Sejumlah personil majelis saling menyampaikan pandangan sebelum Reza akhirnya memilih keluar dari ruang rapat.

Reza mengatakan dirinya secara pribadi memperjuangkan agar kewenangan angket masuk dalam agenda Bamus. Menurutnya, langkah tersebut merupakan bagian dari menindaklanjuti aspirasi masyarakat nan sebelumnya datang ke DPRD Kaltim.

"Ini saya memperjuangkan masyarakat Kaltim untuk dimasukkan ke agenda Bamus mengenai kewenangan angket ini," ujarnya kepada wartawan di depan Gedung D Kantor DPRD Kaltim pascasidang pembahasan, Senin kemarin.

Ia menjelaskan pembahasan kewenangan angket sebenarnya sudah sempat dijadwalkan. Namun dalam rapat muncul pembahasan mengenai sikap sejumlah fraksi nan menurutnya tidak semestinya saling dicampuri.

Menurut Reza, setiap fraksi mempunyai kewenangan masing-masing dalam menentukan sikap politik. Ia juga menyinggung soal personil majelis nan dinilai jarang turun langsung menghadapi massa tindakan maupun menerima aspirasi masyarakat di lapangan.

"Sekali-sekalilah mereka nan turun menghadapi relawan ataupun pendemo itu. Karena selama ini kami turun terus mendengarkan aspirasi mereka," katanya.

Ia menyebut pihaknya juga telah menerima aliansi masyarakat beberapa hari sebelumnya di Gedung DPRD Kaltim. Karena itu, menurutnya kewenangan angket merupakan amanah masyarakat nan tinggal menunggu proses lanjutan dari ketua dewan.

"Ini adalah kewenangan angket nan memang kudu kita laksanakan.
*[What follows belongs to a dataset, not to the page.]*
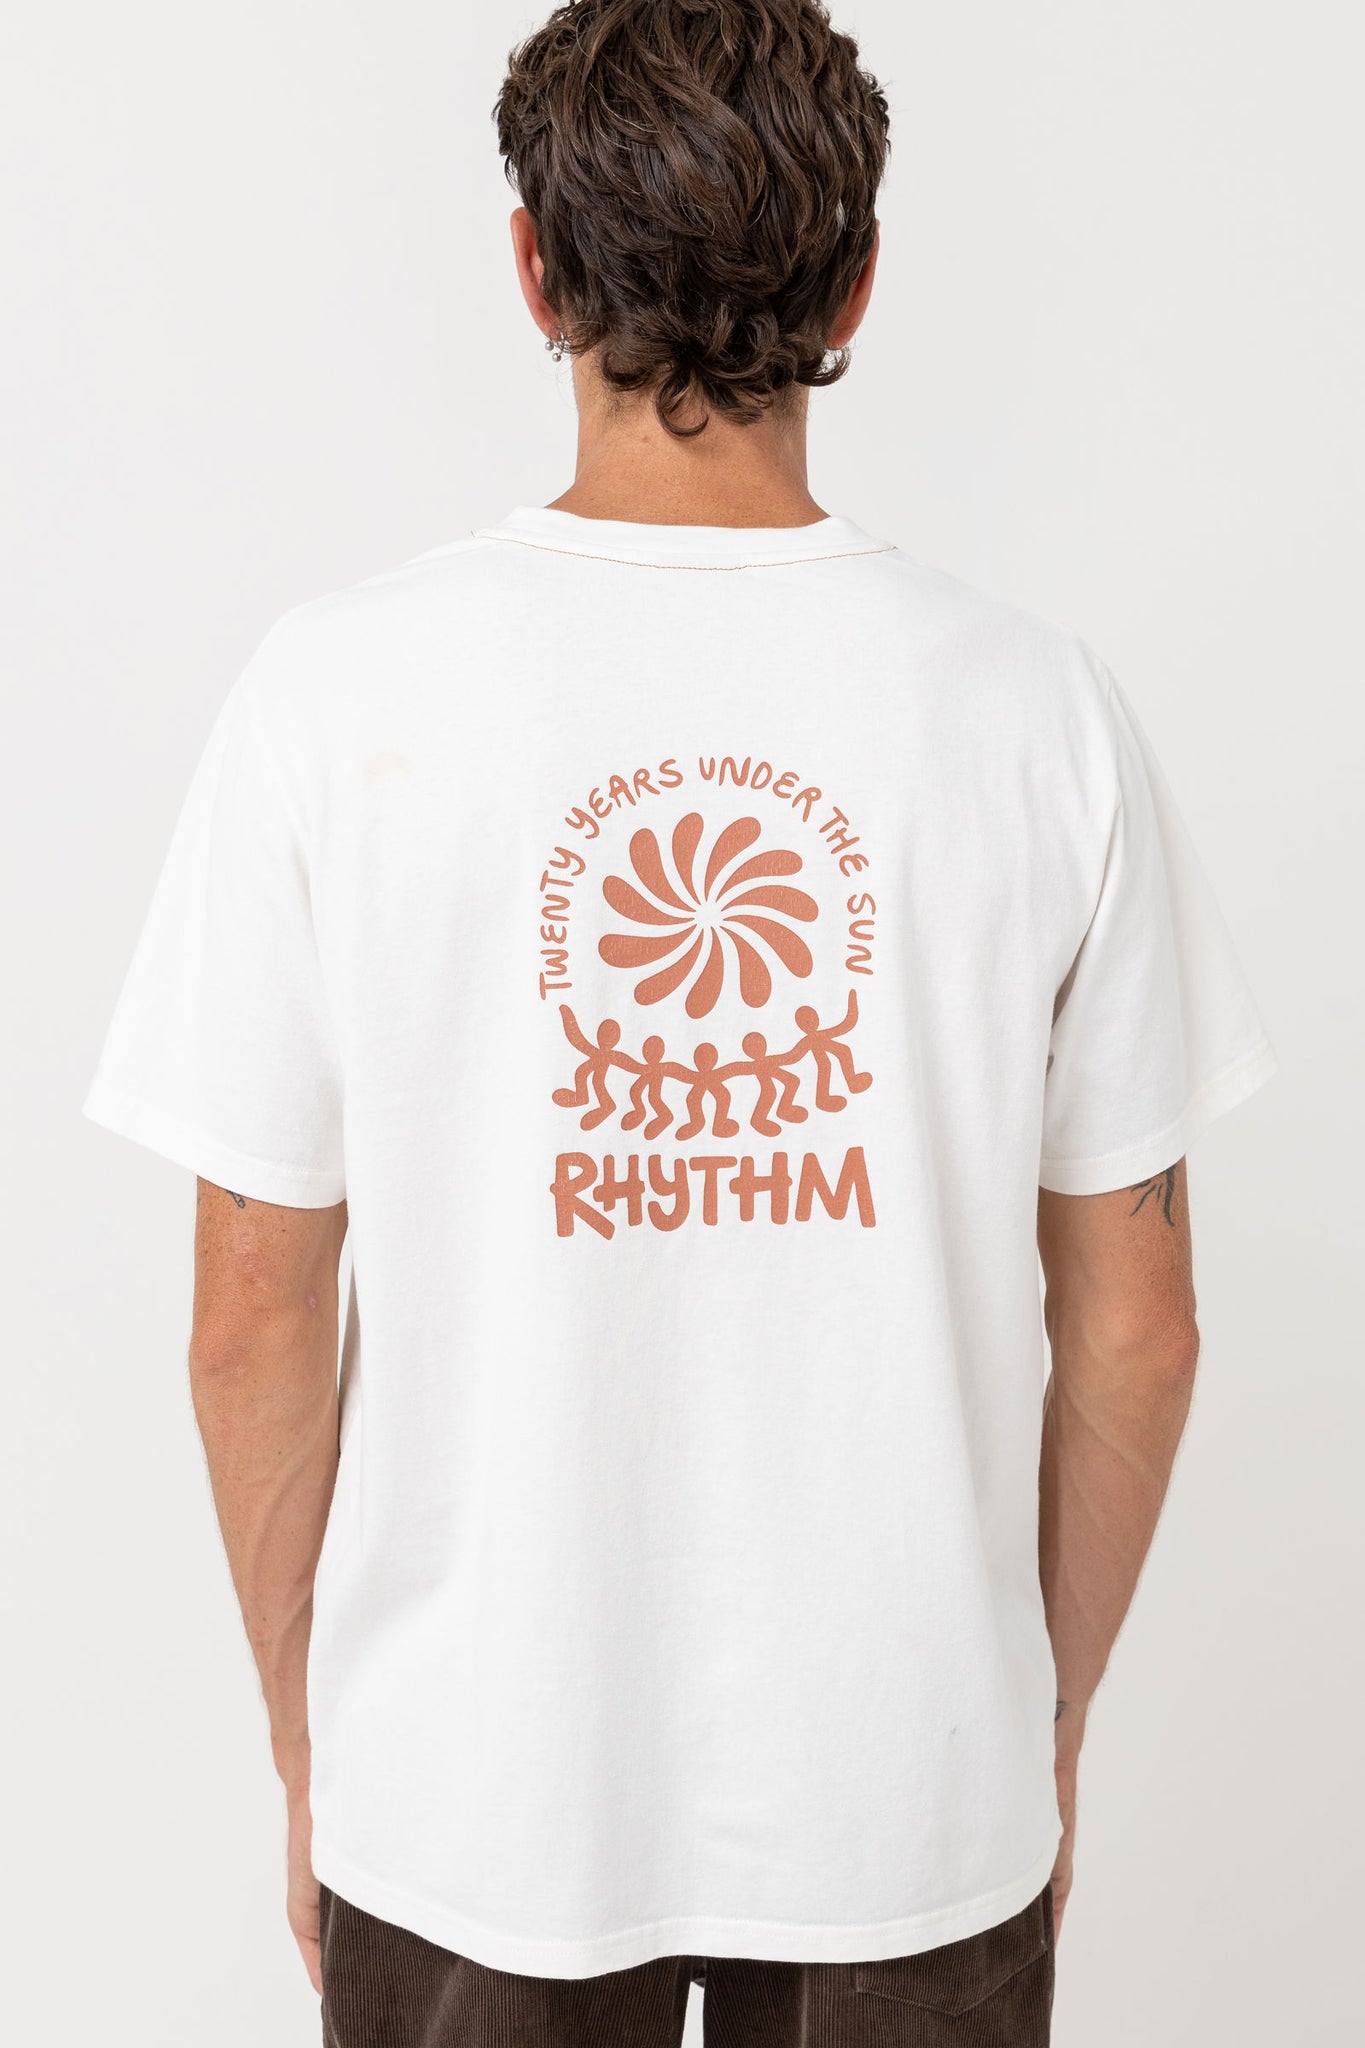 Rhythm 20 Years Under the Sun Vintage SS T-Shirt Kempt Mens Clothing Store Athens Georgia

Ini amanah dari masyarakat, tinggal prosesnya saja lagi," tegasnya.

Sementara itu, Ketua Komisi I DPRD Kaltim Baharuddin Demmu mengatakan usulan kewenangan angket telah memenuhi syarat administratif lantaran didukung lebih dari 10 personil DPRD lintas fraksi. Ia menyebut sedikitnya 21 personil DPRD telah menandatangani usulan tersebut.
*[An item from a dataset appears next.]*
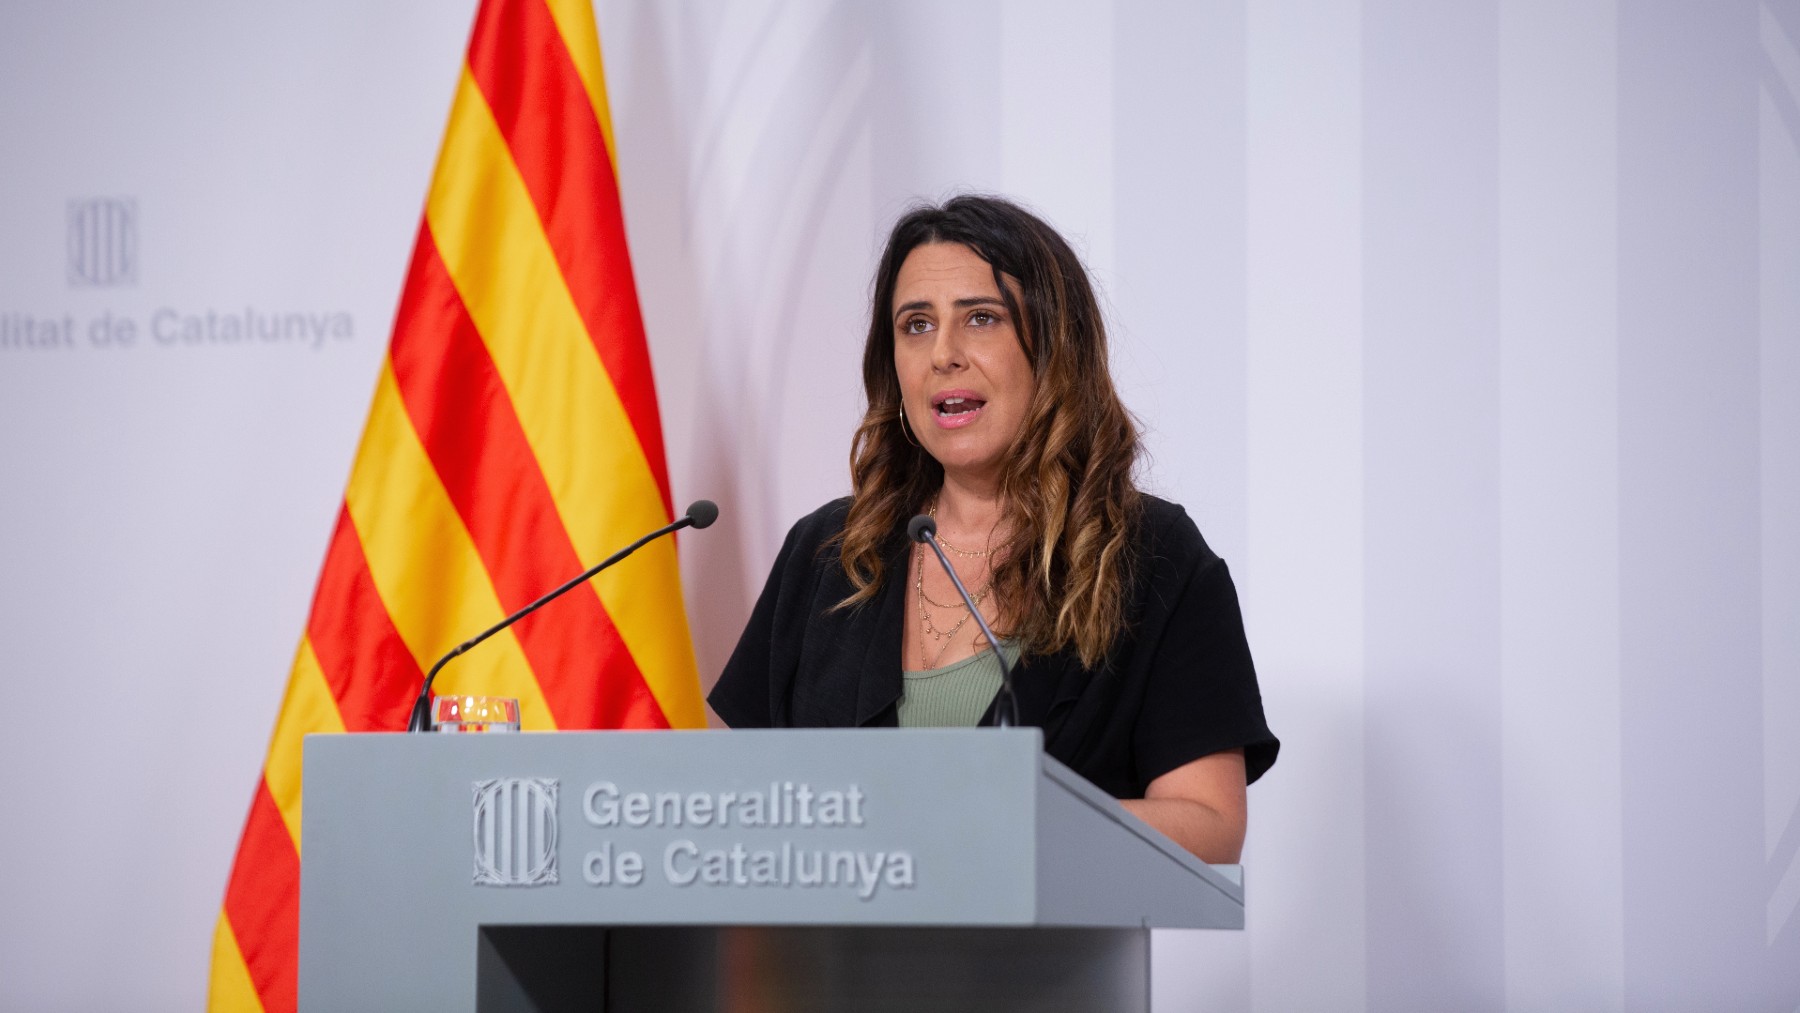 La portavoz del Govern de Cataluña, Patrícia Plaja. (Foto: EP)

Anggota DPRD Kaltim untuk periode 2024-2029 nan terpilih dari pemilu legislatif dua tahun lampau itu ada 55 orang. Adapun rincian per fraksinya adalah Golkar (15 kursi), Gerindra (10), PDIP (9), PKB (6), PKS (4), PAN (4), NasDem (3), Demokrat (2), dan PPP (2).

Menurut Baharuddin Demmu, syarat nan dipenuhi dari pengusul itu sudah cukup untuk membawa usulan kewenangan angket ke tahapan berikutnya.

"Kita menandatangani usul inisiatif untuk kewenangan angket. Ada sekitar 21 orang tanda tangan dan itu sudah memenuhi syarat," katanya.

Politikus PAN itu menjelaskan sistem berikutnya adalah menunggu penjadwalan rapat Bamus sebelum usulan dibawa ke paripurna. Menurutnya, ketua DPRD sekarang tinggal menentukan agenda pembahasan lanjutan.

"Begitu diterima dan memenuhi syarat, maka kudu dijadwalkan di Bamus untuk dimasukkan ke paripurna. Kita tunggu ketua," katanya.

Usai sidang pembahasan kewenangan angket, satu per satu personil majelis keluar dari gedung meninggalkan lokasi.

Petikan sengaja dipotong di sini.